■ Assignment: With the exception of the pictures, transcribe the entire listing exactly.

■ Recorded data:
____________

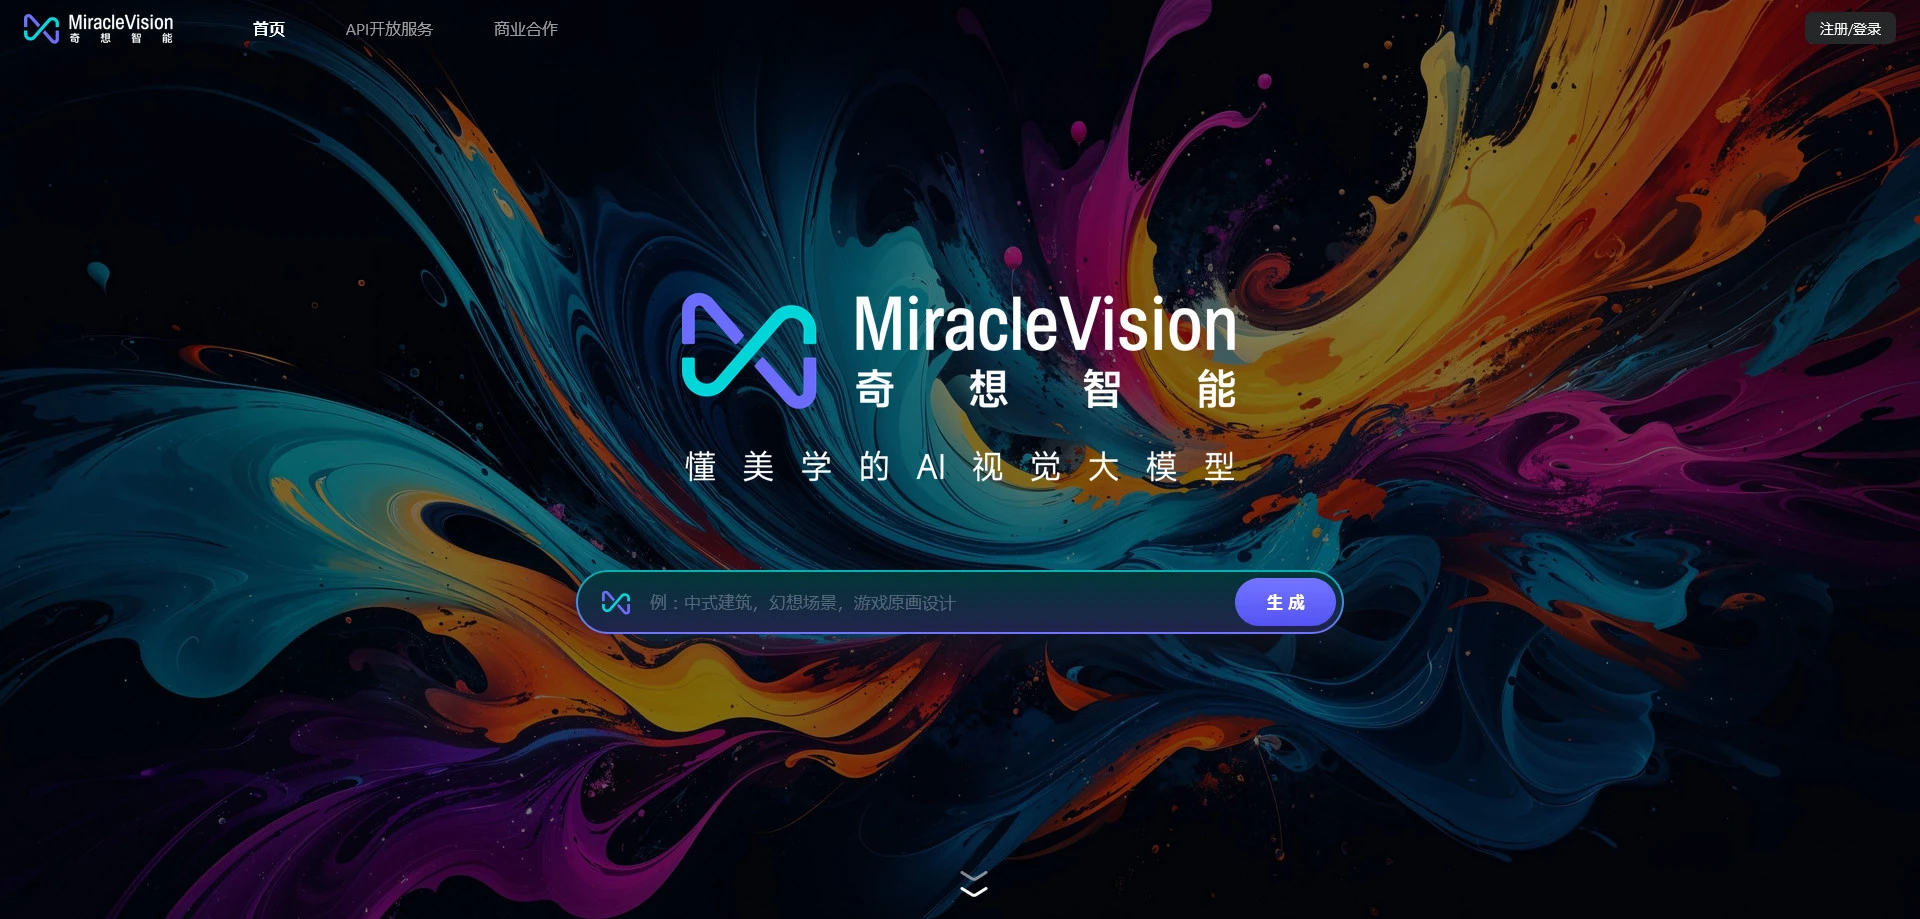 AI工具与服务推荐 - MiracleVision - AI视觉大模型 - 特色图片
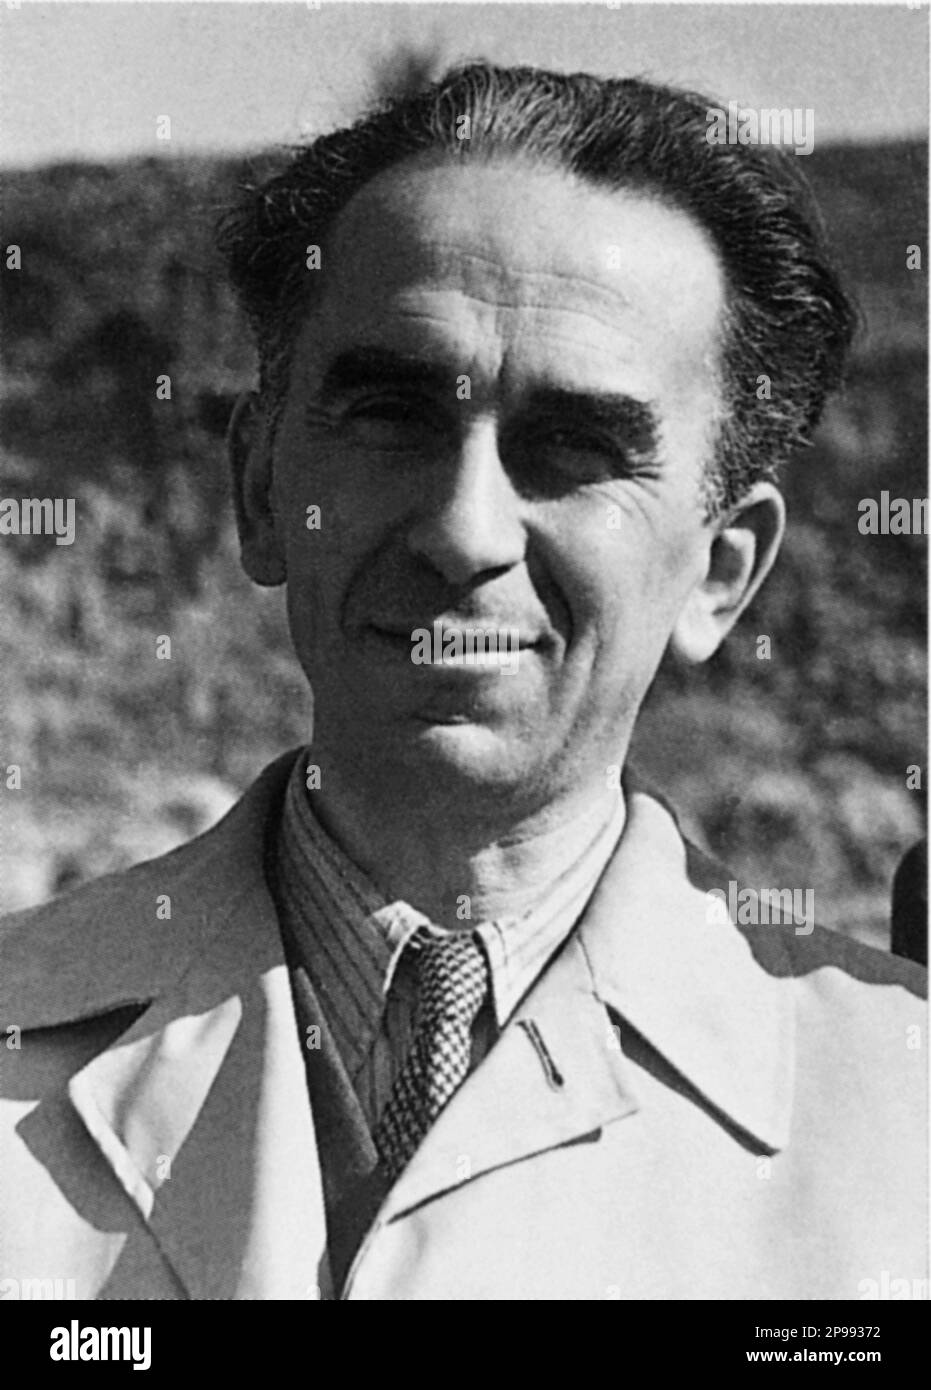 Il politico italiano partigiano e antifascista LUIGI LONGO ( 1900 - 1980 ), noto anche come Gallo . Era politico comunista e segretario del Partito comunista italiano ( P.C.I. ) Dal 1964 al 1972 - POLITICO - POLITICA - POLITICA - COMUNISTA - COMUNISMO - COMUNISTA - COMUNISMO - foto storiche - foto storica - ritratto - ritratto - cravatta - cravatta - colletto - colletto - RESISTENZA - LIBERAZIONE - ANTIFASCISMO --- Archivio GBB Foto Stock
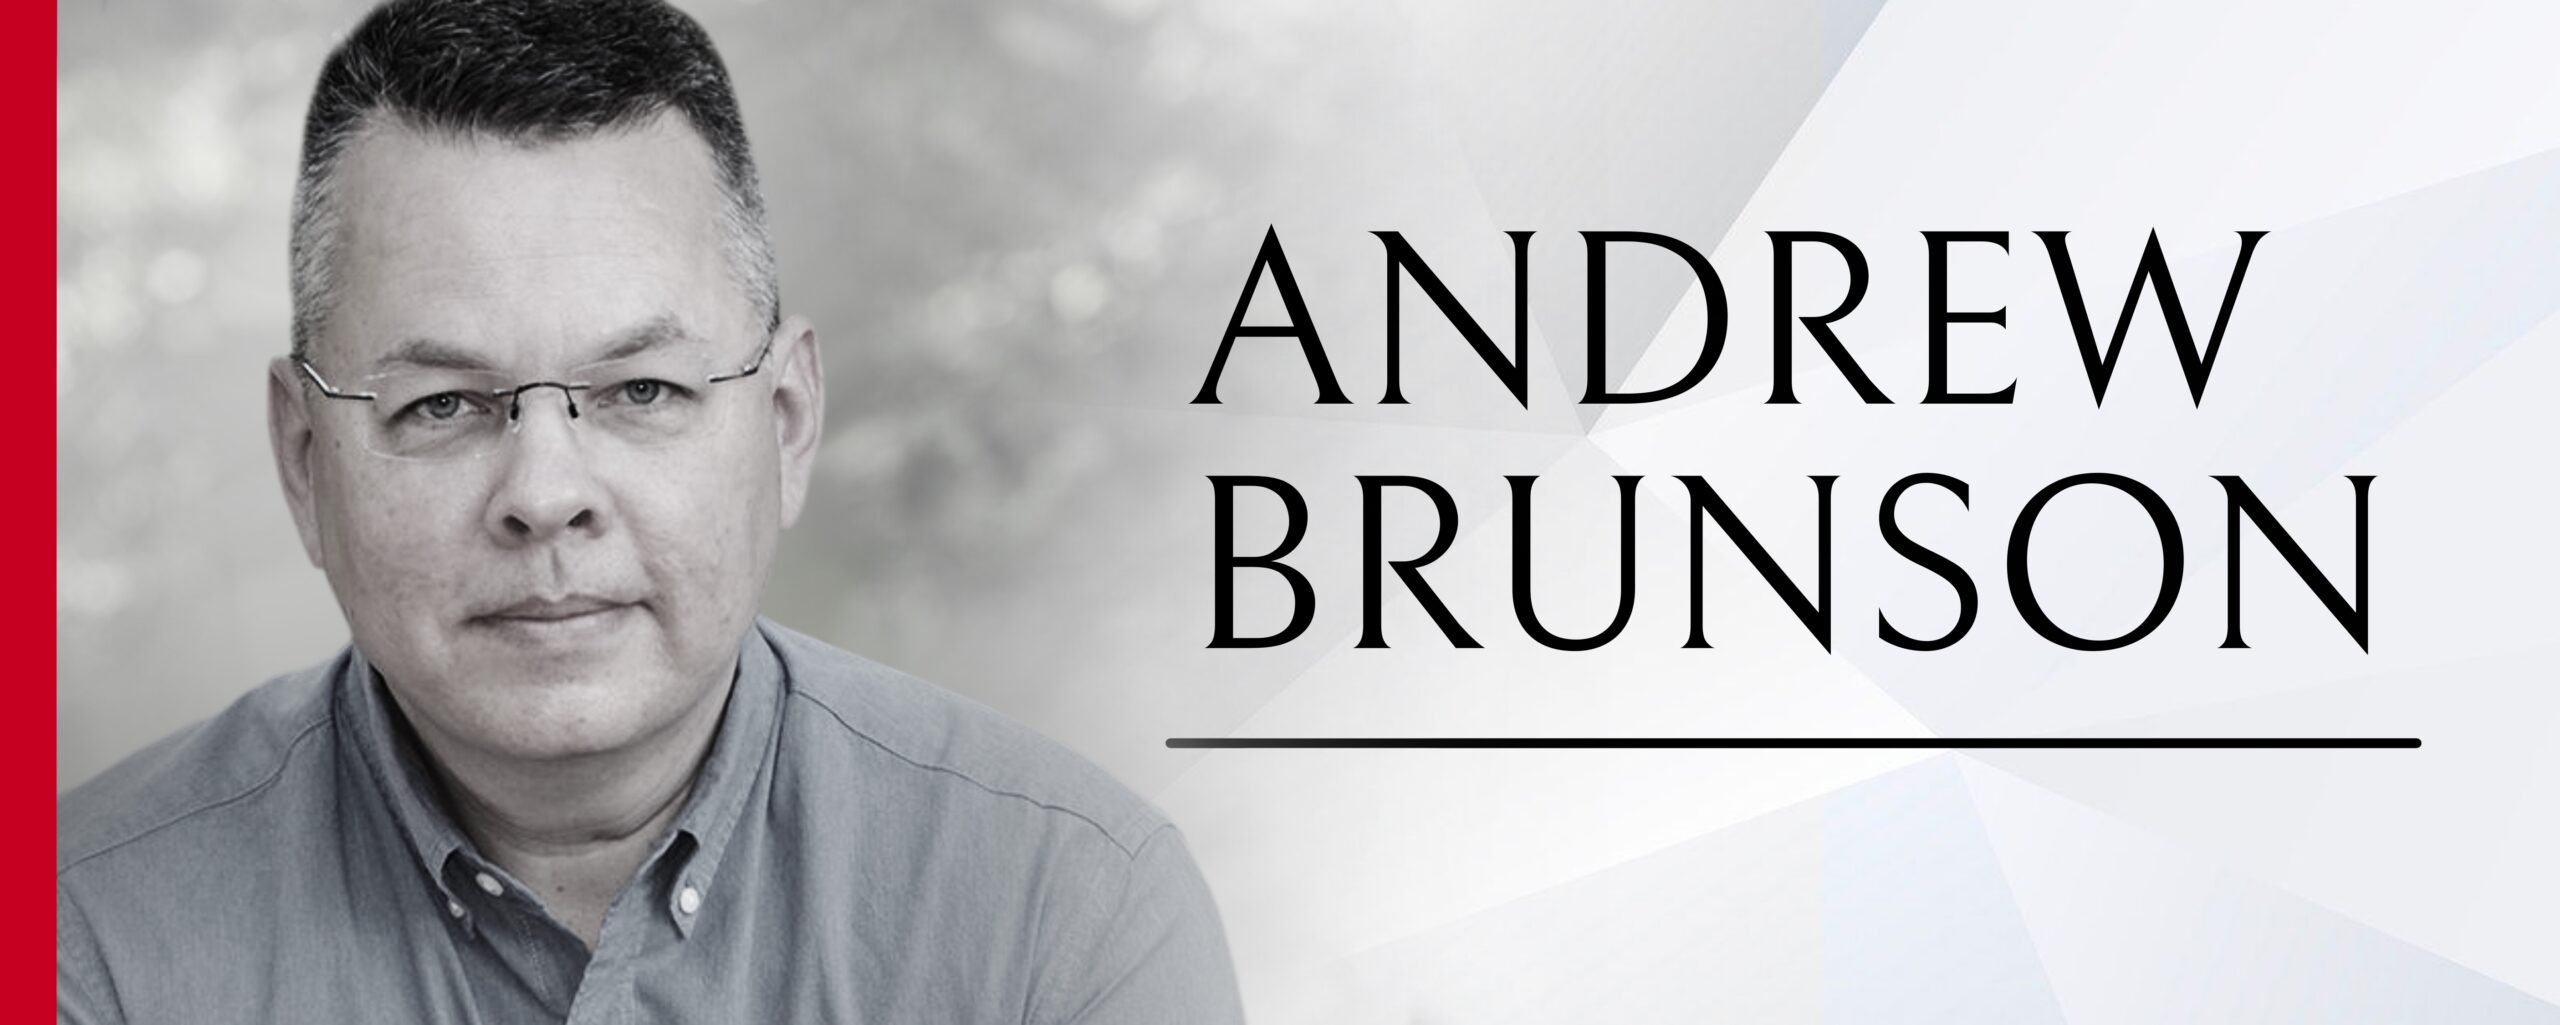 Andrew Brunson,Prepare To Stand,Andrew Brunson Prepare To Stand,Persecution

____________

■ Response:
 AI工具与服务推荐 - MiracleVision - AI视觉大模型 - 特色图片
 Il politico italiano partigiano e antifascista LUIGI LONGO ( 1900 - 1980 ), noto anche come Gallo . Era politico comunista e segretario del Partito comunista italiano ( P.C.I. ) Dal 1964 al 1972 - POLITICO - POLITICA - POLITICA - COMUNISTA - COMUNISMO - COMUNISTA - COMUNISMO - foto storiche - foto storica - ritratto - ritratto - cravatta - cravatta - colletto - colletto - RESISTENZA - LIBERAZIONE - ANTIFASCISMO --- Archivio GBB Foto Stock
 Andrew Brunson,Prepare To Stand,Andrew Brunson Prepare To Stand,Persecution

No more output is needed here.